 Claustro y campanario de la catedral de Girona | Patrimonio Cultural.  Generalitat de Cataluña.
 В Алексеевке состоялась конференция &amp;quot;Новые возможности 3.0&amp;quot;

==

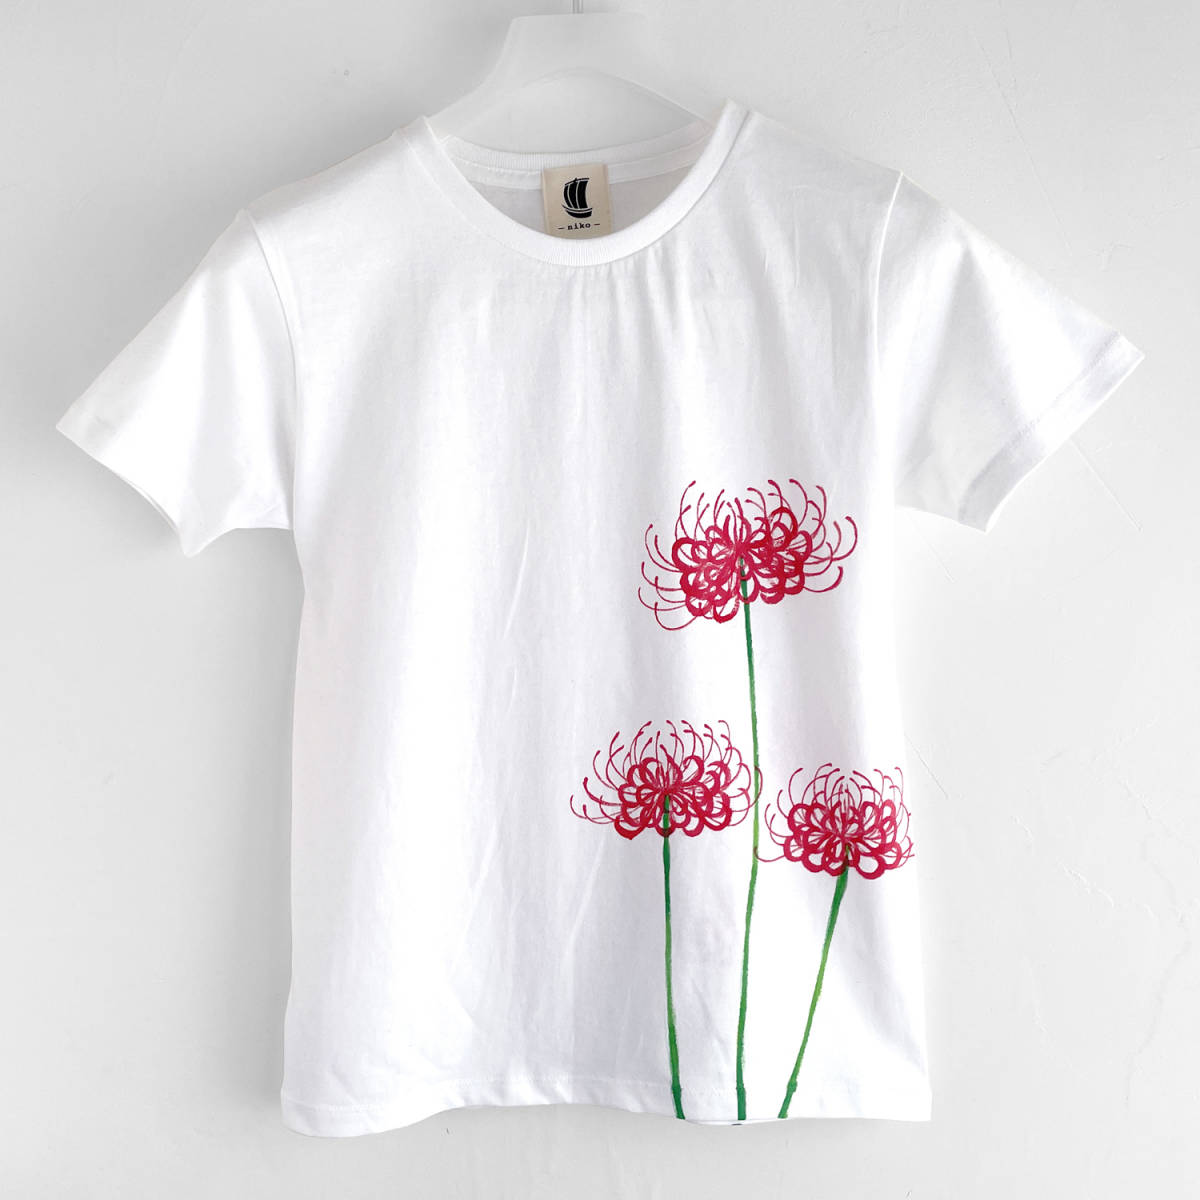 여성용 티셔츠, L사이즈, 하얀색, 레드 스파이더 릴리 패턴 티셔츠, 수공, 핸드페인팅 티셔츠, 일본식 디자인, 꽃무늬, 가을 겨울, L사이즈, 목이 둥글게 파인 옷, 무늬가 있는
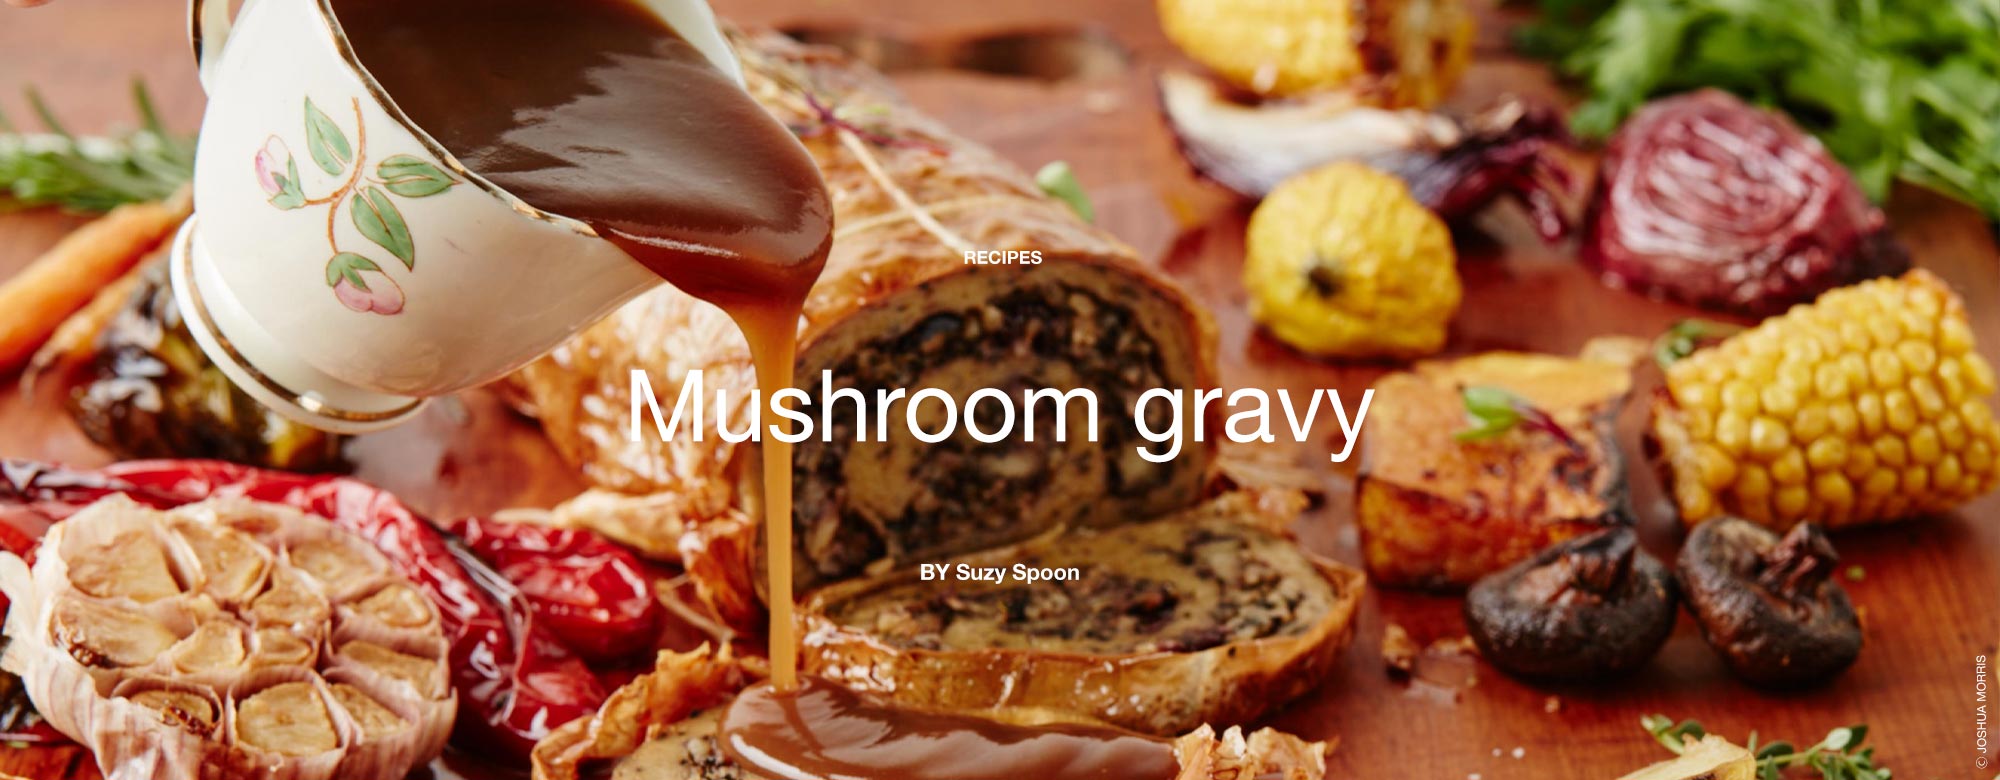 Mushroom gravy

==

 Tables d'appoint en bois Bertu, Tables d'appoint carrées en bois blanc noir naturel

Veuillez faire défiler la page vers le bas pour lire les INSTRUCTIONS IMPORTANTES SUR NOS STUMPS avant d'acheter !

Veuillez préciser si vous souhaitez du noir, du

# DIRECTIONS
Reproduce every line from the preceding data in which the word "Veuillez" can be found.

# ANSWER BOX
Veuillez faire défiler la page vers le bas pour lire les INSTRUCTIONS IMPORTANTES SUR NOS STUMPS avant d'acheter !
Veuillez préciser si vous souhaitez du noir, du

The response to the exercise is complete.